Voilà l'Église. Que devaient être les seigneurs laïques? Quel était l'intérieur de ces noirs donjons que d'en bas on regardait avec tant d'effroi? Deux contes, qui sont sans nul doute des histoires, la Barbe-Bleue et Grisélidis, nous en disent quelque chose. Qu'était-il pour ses vassaux, ses serfs, l'amateur de torture qui traitait ainsi sa famille? Nous le savons par le seul à qui l'on ait fait un procès, et si tard, au quinzième siècle: Gilles de Retz, l'enleveur d'enfants.
Le Front-de-Bœuf de Walter Scott, les seigneurs de mélodrames et de romans, sont de pauvres gens devant ces terribles réalités. Le Templier d'Ivanhoë est aussi une création faible et très artificielle. L'auteur n'a osé aborder la réalité immonde du célibat du Temple, et de celui qui régnait dans l'intérieur du château. On y recevait peu de femmes; c'étaient des bouches inutiles. Les romans de chevalerie donnent très exactement le contraire de la vérité. On a remarqué que la littérature exprime souvent tout à fait l'envers des mœurs (exemple, le fade théâtre d'églogues à la Florian dans les années de la Terreur).
Les logements de ces châteaux, dans ceux qu'on peut voir encore, en disent plus que tous les livres.

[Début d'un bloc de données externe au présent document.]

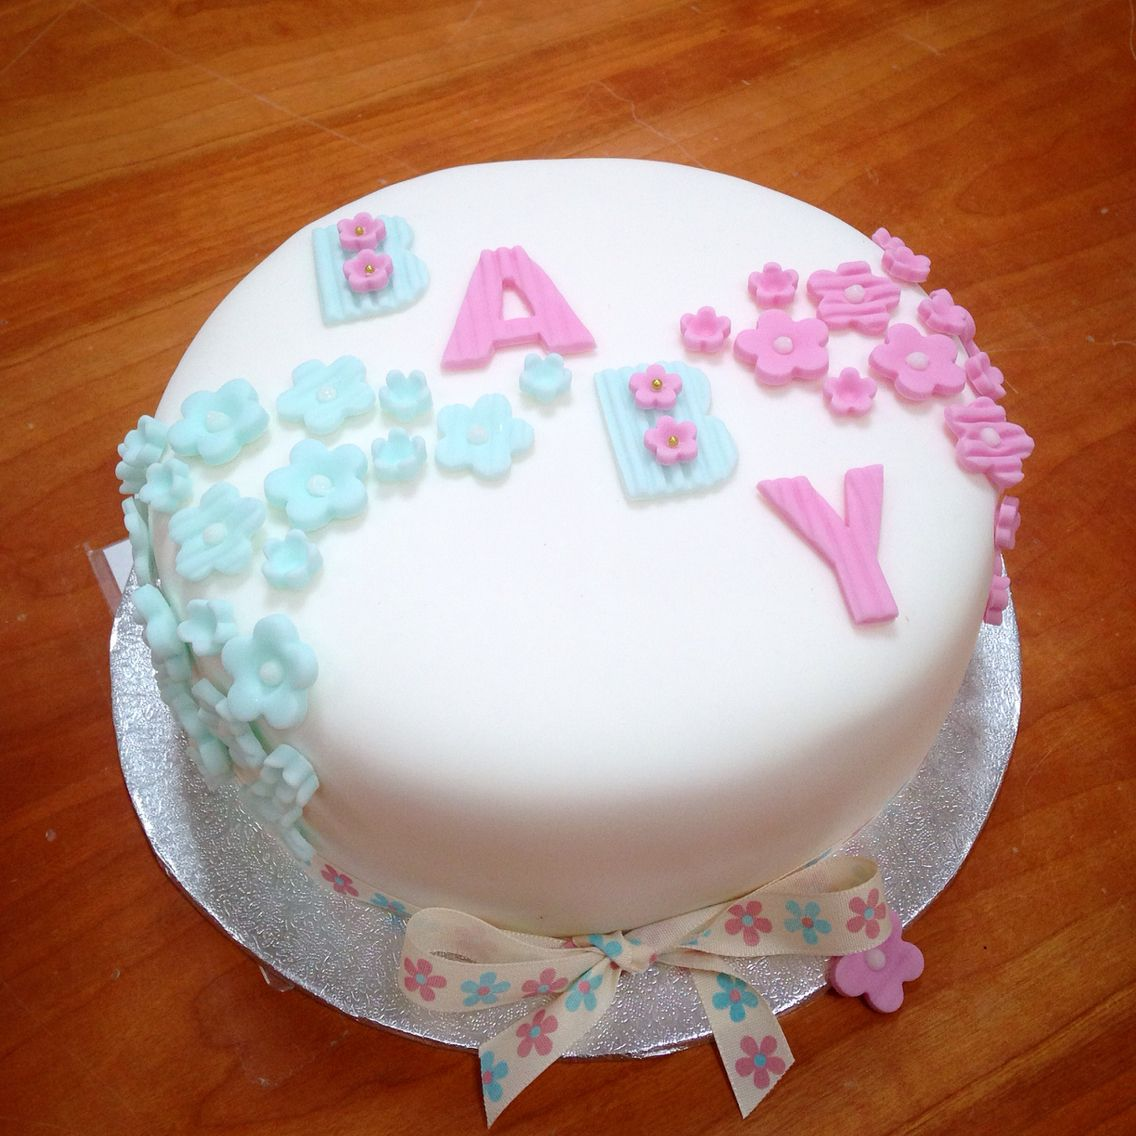 Unisex Baby Shower Cake With Images Unisex Baby Shower Cakes

Hommes d'armes, pages, valets, entassés la nuit sous de basses voûtes, le jour retenus aux créneaux, aux terrasses étroites, dans le plus désolant ennui, ne respiraient, ne vivaient que dans leurs échappées d'en bas; échappées non plus de guerres sur les terres voisines, mais de chasse, et de chasse à l'homme, je veux dire d'avanies sans nombre, d'outrages aux familles serves. Le seigneur savait bien lui-même qu'une telle masse d'hommes sans femmes ne pouvait être paisible qu'en les lâchant par moments.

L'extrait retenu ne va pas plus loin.